[CCC DEV] Branch question/confusion

Martin Ellis ellism88 at gmail.com
Wed Apr 24 15:52:49 BST 2013


>
>
> As Matt identifies, doing work in our own forks branches then making pull
> requests
> requires that someone (other than the committer) gets involved.  In many
> cases
> that's extra effort.  On a large project, with lots of main and side-line
> developers,
> I can see how that makes sense.  But for kroc I'd go for something like:
>

Yes this is extra work, it also leads to MUCH better code from everyone.
Code review sounds a pain, but usually isn't, how about just trying this
for a while?


>  - commits straight to master for small/own changes (e.g.
> fixes/updates/etc.).
>
  - in a branch if changing chunks of others' code, or widespread changes
> that
>    may have knock-on effects in other builds, and pull-request in so
> people get
>    a chance to look (but for mainstream developers, I wouldn't see
> self-pulling
>    as a problem).
>  - in a fork for external bodies and pull requests for changes coming in
> from
>    outside (e.g. someone developing a new module for something or other, or
>    supporting another TVM arch, etc.).
>

I really disagree with this. All work should be done in a branch/fork and
pulled.
because:
- This is how git is designed (well pulls are a shortcut around passing
around patch sets).
- Small changes are rarely small.
- Promotes testing before making it to master.
You can make pull request for indervidual commits if you work in your own
master.

We also want other people to work on this project right?  We should impose
the same rules on ourselves as those who help us?


>
> > Branching and tagging for release is separate.
> > We make a 1.6 branch off of master, this is not committed to directly,
> all
> > new work goes into master, we just cherry-pick bug fixes from master.
>
> Yep.  Again, I wouldn't object to developers cherry-picking their own
> fixes/updates
> into the stable branch (otherwise we're likely to generate backlog).
>

Cherry picking bug fixes should be done into the release branch at the same
time as they are committed to master.
The commit author should know/mark when a commit is a feature or a bug fix
so the overhead of this isn't huge.


>
> > If we want a new feature, or master and 1.6 diverge so far that we can no
> > longer cherry-pick bug fixes we make a new branch from master and bump
> the
> > 6.
>
> I'd save 1.6 -> 1.7 type moves for big changes, and 1.6.0 -> 1.6.1 for
> lesser
> things, like new modules, new features (if at all).
>

Ok, I worded this badly, new branches should really be made when we want to
introduce backwards comparability breaking changes.

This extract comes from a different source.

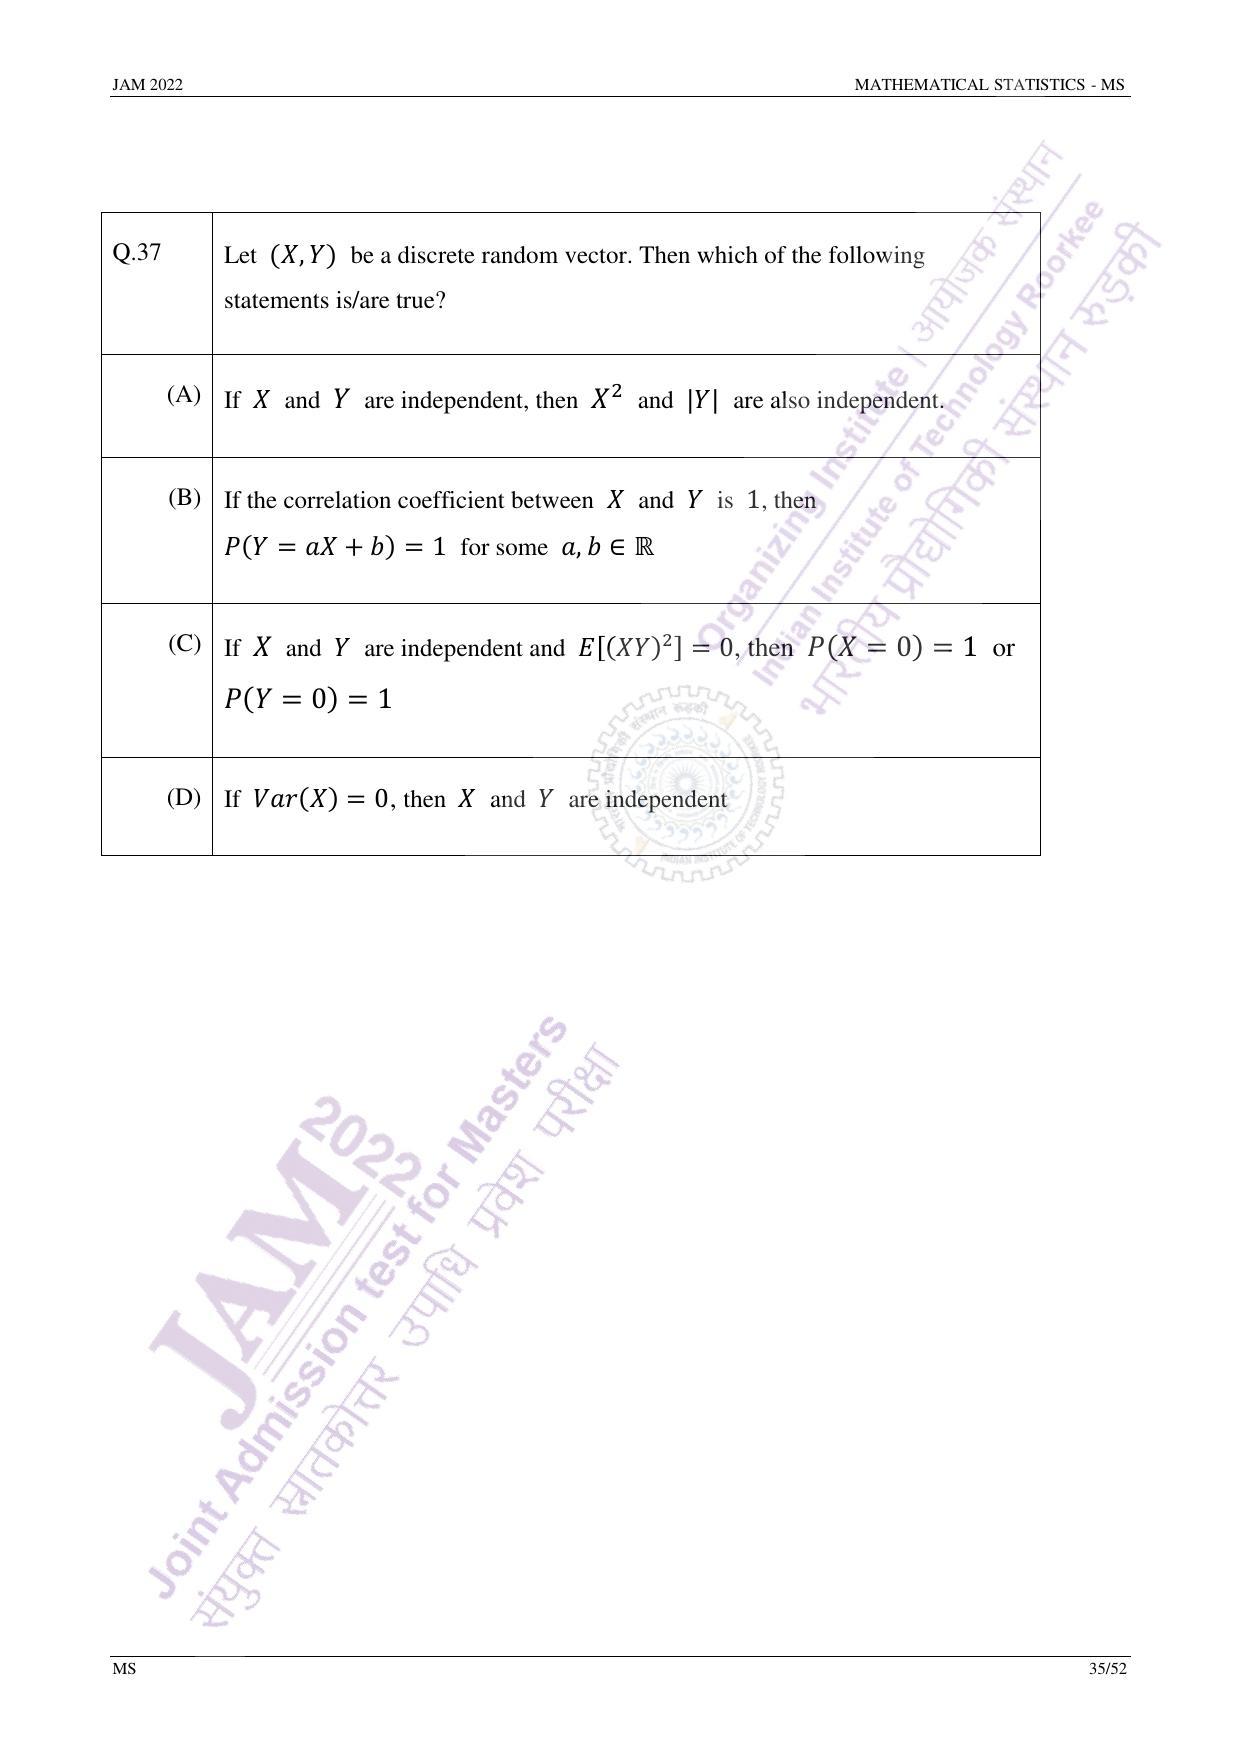 JAM 2022: MS Question Paper - Page 34
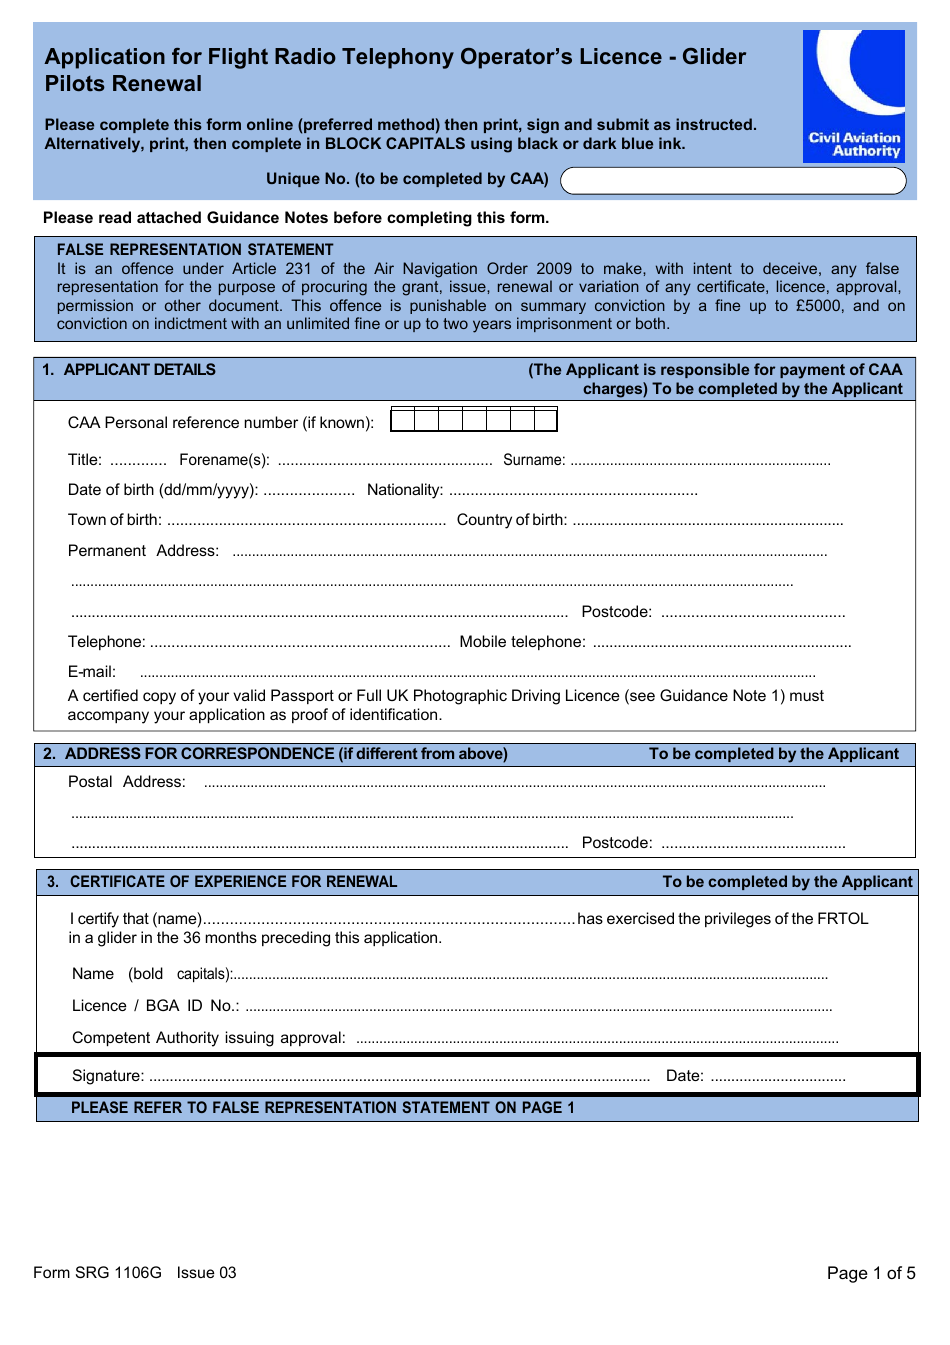 Form SRG1106G Application for Flight Radio Telephony Operators Licence - Glider Pilots Renewal - United Kingdom, Page 1

> > Tags signify releases on a branch.  They should be done at stable points.
> > 1.6.0 is the first stable point on the 1.6 branch.
> > We make new tags after pulling in fixes from master and when we think it
> is
> > stable.
> > We Tag often...?
>
> I'd save tagging for when 1.6.0, 1.6.1, ... become available.  When telling
> people to get the stable kroc, they'll be downloading the kroc-1.6 branch,
> rather than a particular tag, so should get all the fixes-to-date.
>

As soon as we think 1.6 is stable we should tag.  Tags are known good
points and should be what we base our releases off.
for people using git pulling 1.6 branch is probably fine. But for a deb
package it is better to say this package is built of this specific tag.